La sentence est tombée vendredi 30 novembre. Le Cameroun ne sera pas le pays organisateur de la Coupe d’Afrique des nations (CAN) 2019. Cette décision a été prise par le comité exécutif de la Confédération africaine de football (CAF), réuni à Accra au Ghana.

Le Cameroun n’a pas tenu son pari… Contrairement aux promesses du président de la République, faites au peuple camerounais dans un discours pompeux, le 10 août 2017, où il affirmait mordicus que « le Cameroun sera prêt le jour dit ». Seize mois après, qu’est-ce qui s’est passé pour que l’organisation de la CAN 2019 soit retirée au pays de Roger Milla ? Cette situation est vécue à Yaoundé comme un échec. Toute honte bue, le gouvernement, par la voix de son porte-parole, n’a pas caché sa déception et crie à « l’injustice ».

Les supputations ont circulé, et continuent de circuler, tant sur les réseaux sociaux que sur les médias pour comprendre ce qui s’est réellement passé pour que le Cameroun se retrouve humilié par la CAF. La plupart d’observateurs orientent leurs analyses sur les origines du retrait de l’organisation de cette compétition africaine. Il existe plusieurs tendances pour expliquer cette déculottée. Pour des raisons de commodité, je vous livre ici quatre analyses. Elles sont tirées sur le volet parmi des centaines qui circulent sur Facebook et publiées par des personnes bien connues du public camerounais. Chacune d’elle explique exactement d’où est venue la faille.

Les 4 raisons du retrait de l’organisation de la CAN 2019

1ère raison de l’échec : l’insécurité (Par Serge Aimé Bikoi)

La première raison de l’échec est d’ordre sécuritaire et c’est l’argument présenté par Serge Aimé Bikoï, journaliste à RTS (Radio Télision Siantou). La RTS c’est une chaîne urbaine émettant à Yaoundé et ses environs. Le journaliste fait un double diagnostic, non seulement sur l’insécurité qui règne au Cameroun, mais aussi sur les insuffisance au niveau des délais de livraison des stades en pleine construction :

En passant donc au crible de la raison pratique l’échec du Cameroun à l’organisation de la Can 2019, bien de déterminants socio-politique, infrastructurel, urbain et écotouristique sont déclinés pour tenter, sans coup férir, de décrypter la mauvaise passe du pays de Samuel Eto’o Fils. Au rang des invariants socio-politiques, figure la crise sécuritaire qui ébranle, depuis des années, trois régions camerounaises, en l’occurrence l’Extrême-Nord, le Sud-Ouest et le Nord-Ouest. Le bilan de la crise socio-politique contemporaine, en termes d’incidences humaine, matérielle et financière, est si éloquent qu’un émissaire du congrès américain a saisi la balle au bond, ces derniers jours, pour requérir, auprès de la Fifa (Fédération internationale de football association), le retrait de la CAN au Cameroun. Cette pression des États-Unis sur la Fifa était, d’ailleurs, un signe avant-coureur et un déterminant prémonitoire à la sentence qui est, in extremis, connue de tous le jour de la commémoration de l’an 29 de la mort de l’ancien premier Président de la République du Cameroun.
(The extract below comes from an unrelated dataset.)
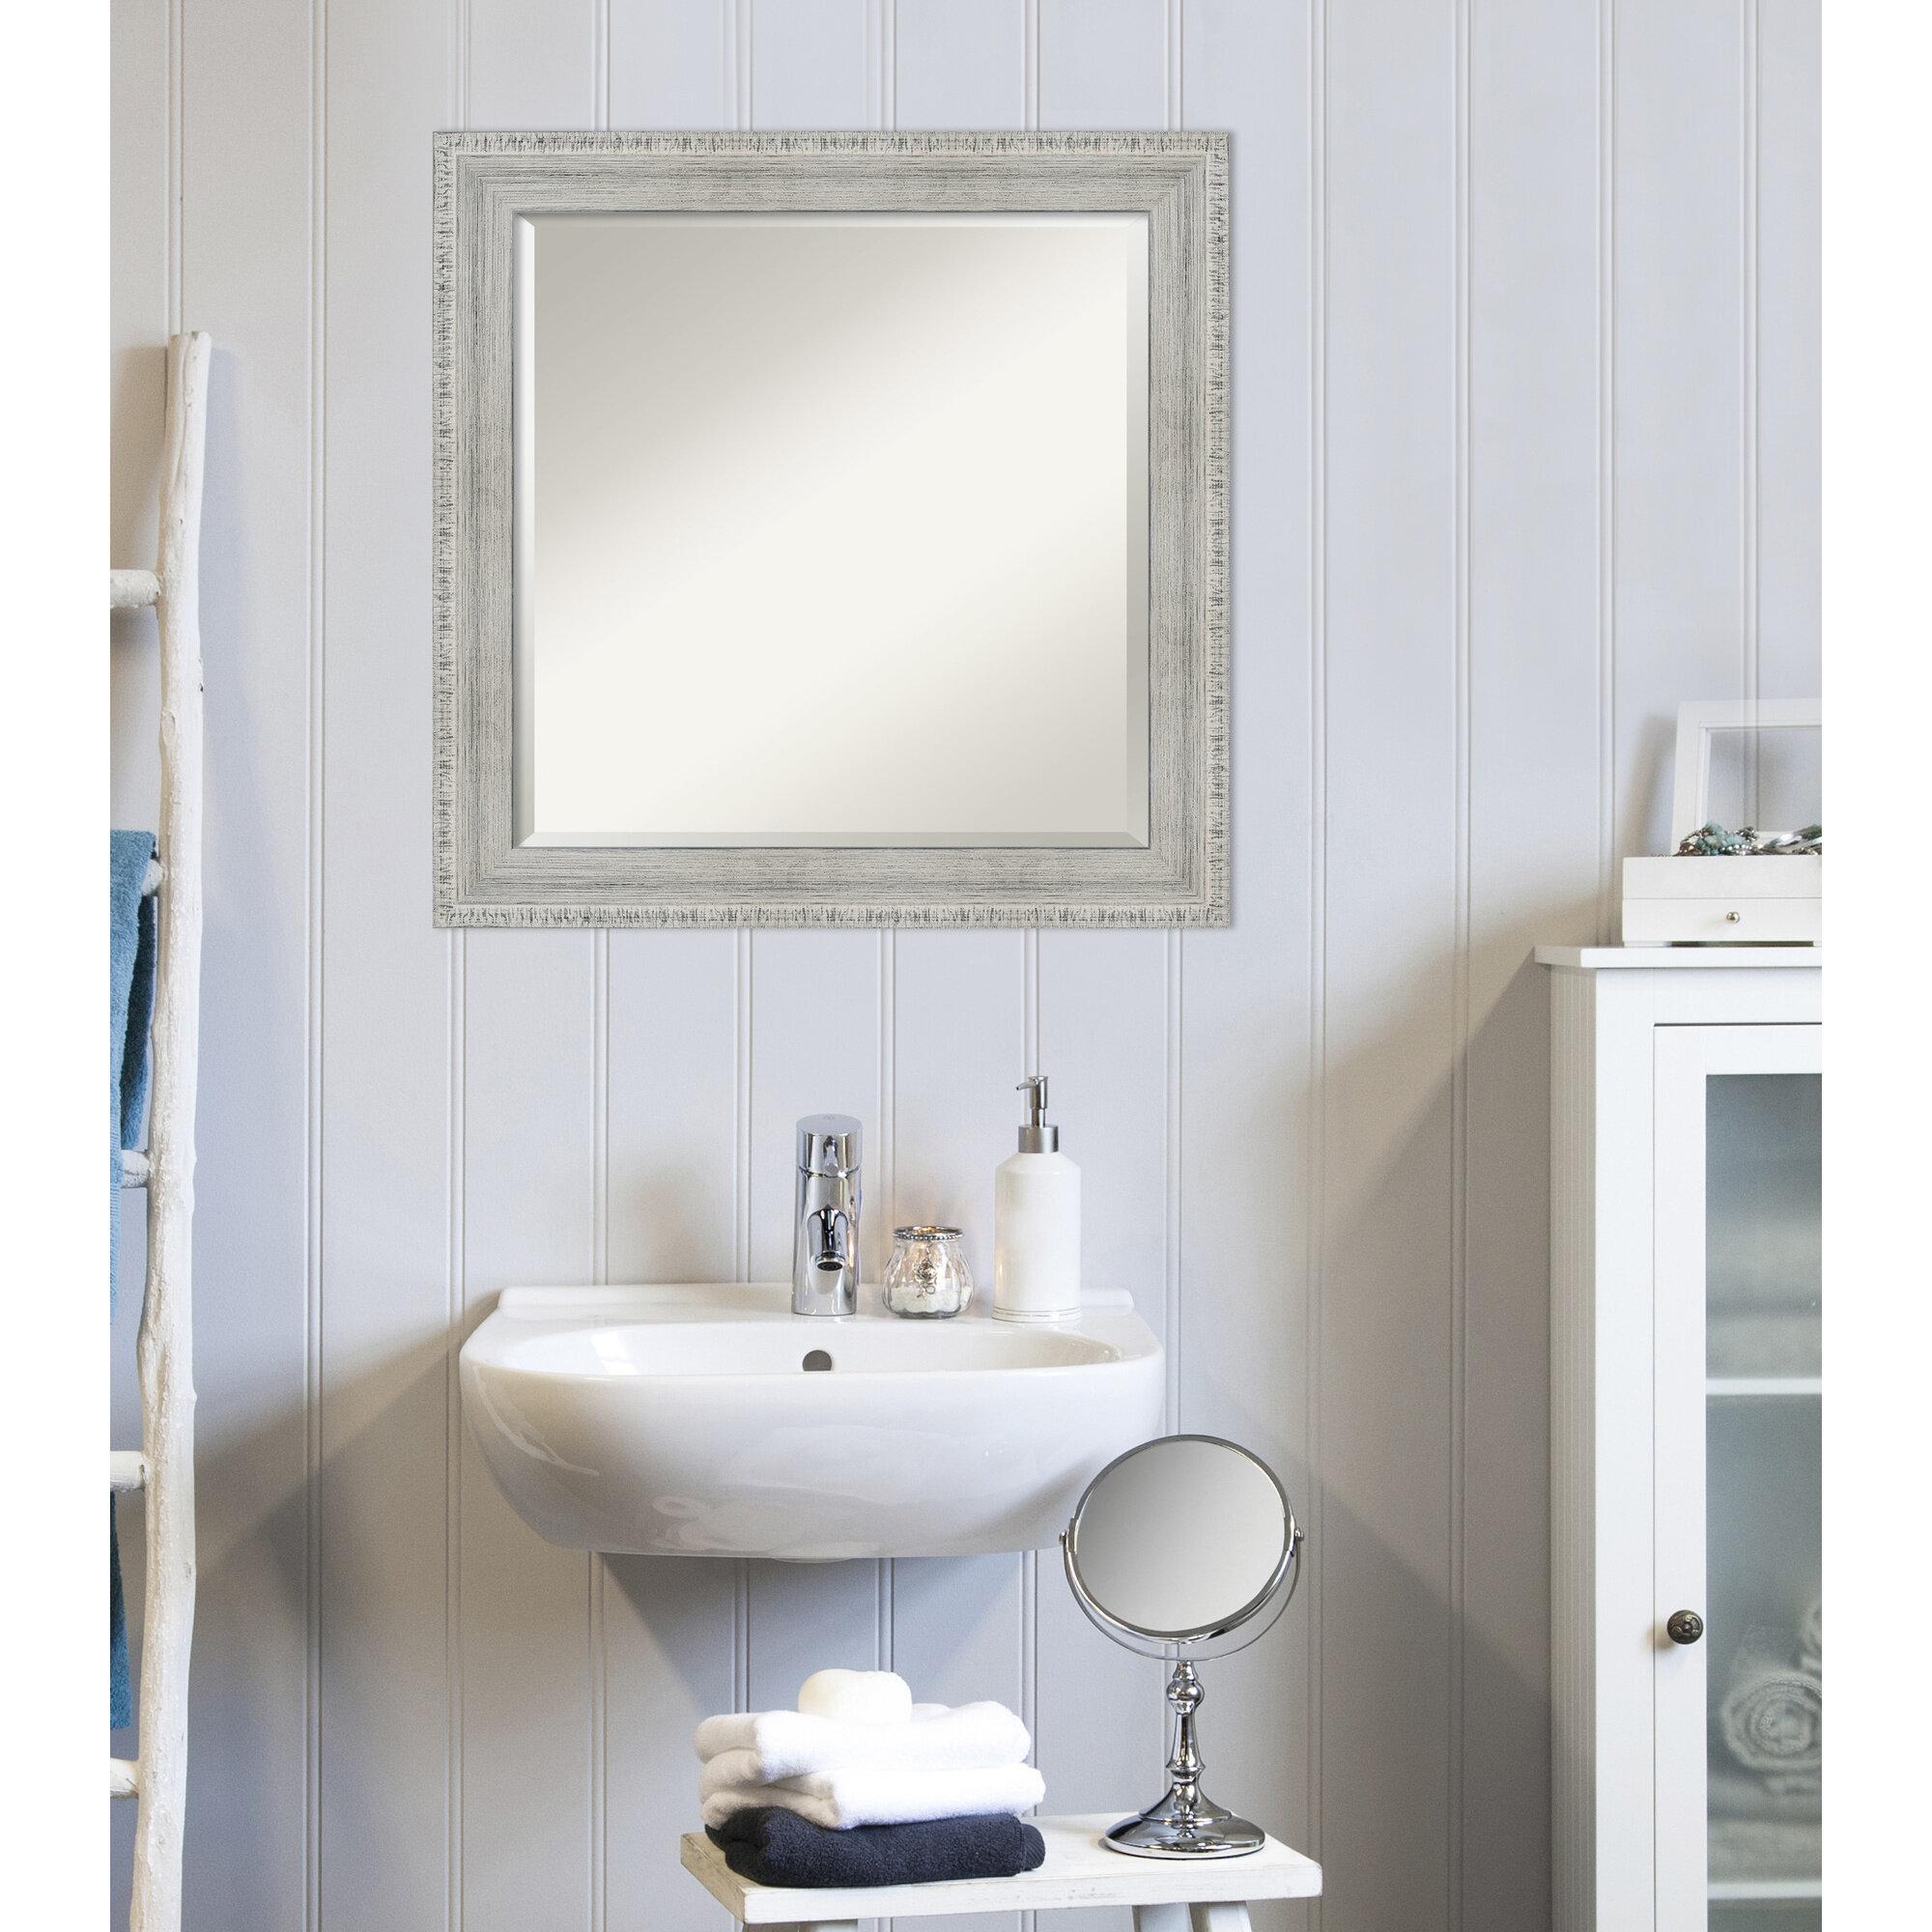 Dovecove Amare Rustic Beveled Vanity Mirror Wayfair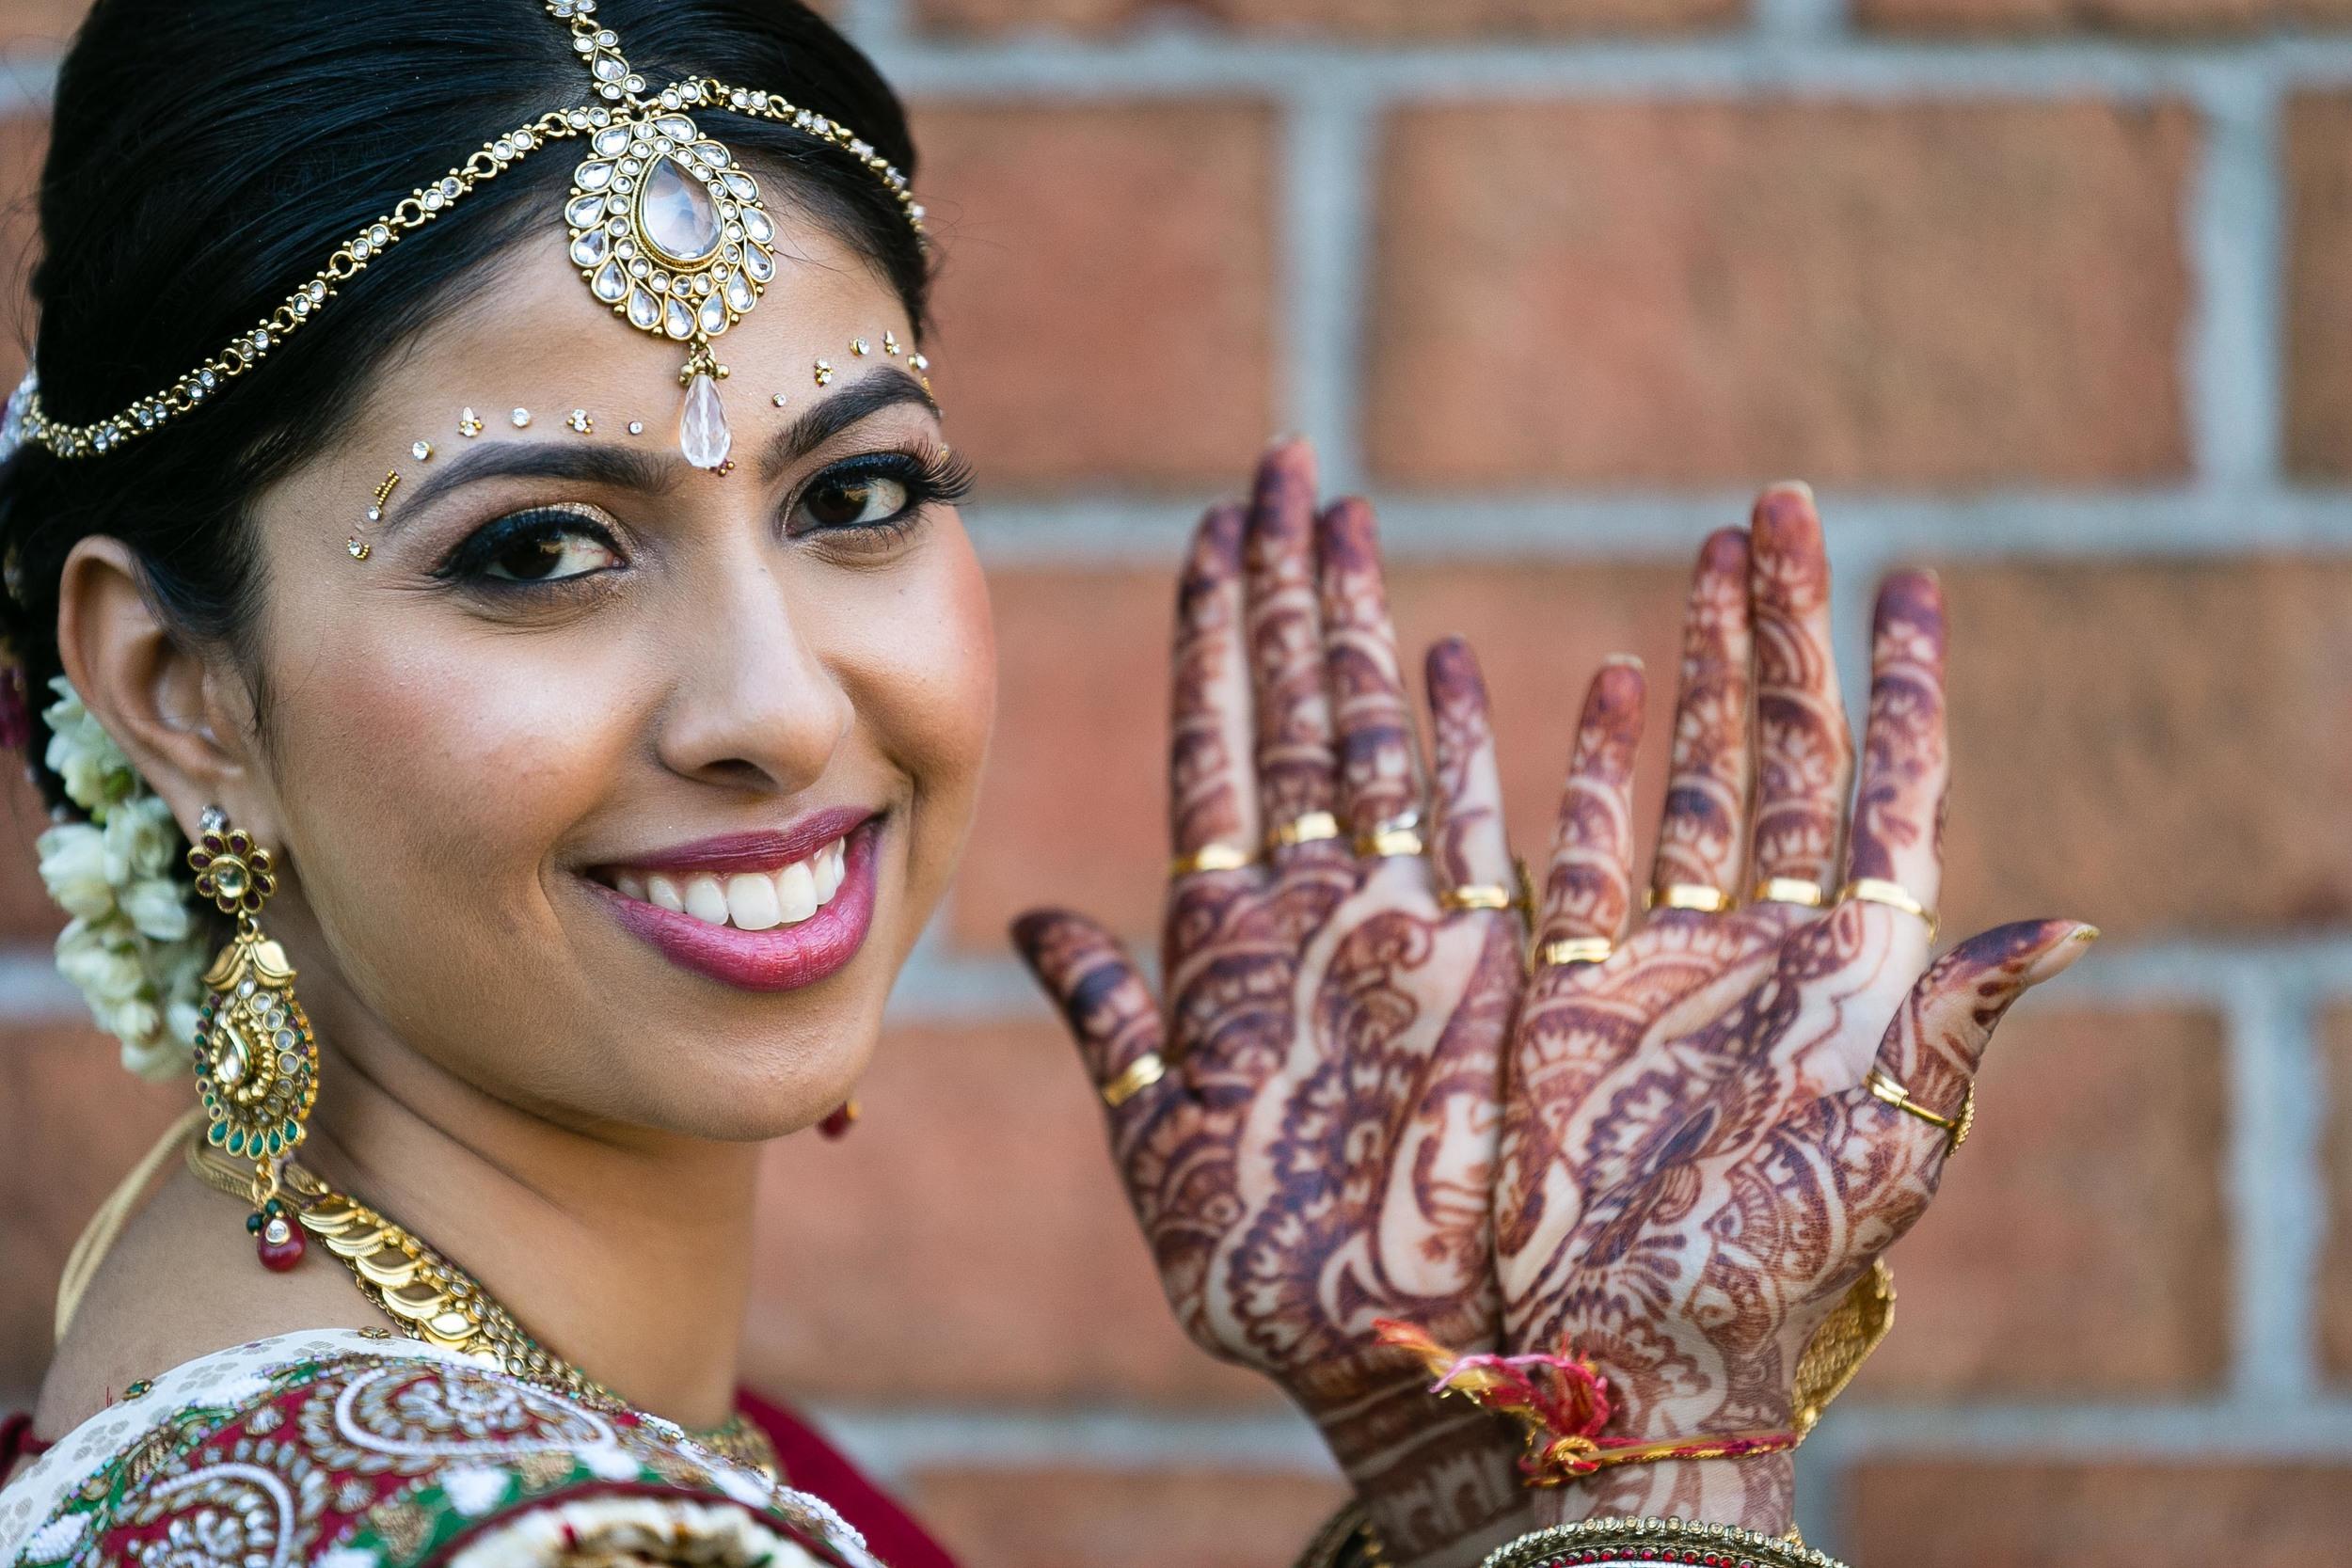 Luxurious-Indian-Wedding-Marriott-Boston-Massachusetts-Documentary-Wedding-Photography-by-Jacek-Dolata-7.jpg

2ème raison de l’échec : l’insuffisance d’infrastructures (Par Serge Aimé Bikoi)

Au-delà de la variable socio-politique, il y a le déterminant infrastructurel appréhendé comme le facteur à prendre aussi en considération sur le terrain explicatif du retrait de la CAN au Cameroun. Jusqu’ici, les stades, dont la façade est tout de même visible, ne sont pas encore achevés. A cette incurie se subordonne le déficit d’établissements hôteliers susceptibles de transcender la démographie croissante des touristes étrangers des 24 pays devant participer à cette grande messe du football africain. Aussi faut-il noter, en termes d’imperfections infrastructurelles, le manque criard de routes et d’autoroutes, voies de communications capables de relier les masses populaires locales et étrangères dans différents stades des villes camerounaises. De plus, il est impossible de ne pas constater l’absence des plateaux techniques en bonne et due forme des hôpitaux publics de référence et le giron de la voirie urbaine, qui reste et demeure moins embelli au plan touristico-urbain.

3ème raison de l’échec : la revanche d’Ahmad (Par Mathias Eric Owona Nguini)

L’échec lié au complot de la CAF contre le Cameroun est défendu par le professeur Mathias Eric Owona Nguini. C’est un socio-politologue, enseignant à l’université de Yaoundé II. Selon lui, cette thèse de complot était visible depuis bien longtemps :

La véhémence du leader de la CAF contre l’organisation camerounaise de la CAN 2019 était clairement motivée par deux raisons structurantes : le désir de revanche contre le pays du grand Issa Hayatou dont le comité exécutif lui retira la CAN Juniors et le souci de ménager ses puissants alliés nord-africains et d’Afrique australe en leur permettant de reprendre la main pour l’organisation de la CAN 2019 au détriment du Cameroun.

Malgré les propos lénifiants du président de la CAF lors de son voyage express au Cameroun en compagnie de la star Samuel Eto’o pour une audience avec le président Paul Biya, je n’ai jamais eu confiance au patron du football continental africain. Le jeu de lobbying de l’Afrique du nord et de l’Afrique australe était trop fort. Il est évident que malgré ses retards organisationnels et leurs raisons (luttes d’influence entre coteries administratives, guerres entre lobbies d’affaire, campagnes anti-patriotiques d’intoxication des milieux anti-régimes, lenteurs administratives), le Cameroun allait parvenir tant bien que mal à mettre en place sa CAN.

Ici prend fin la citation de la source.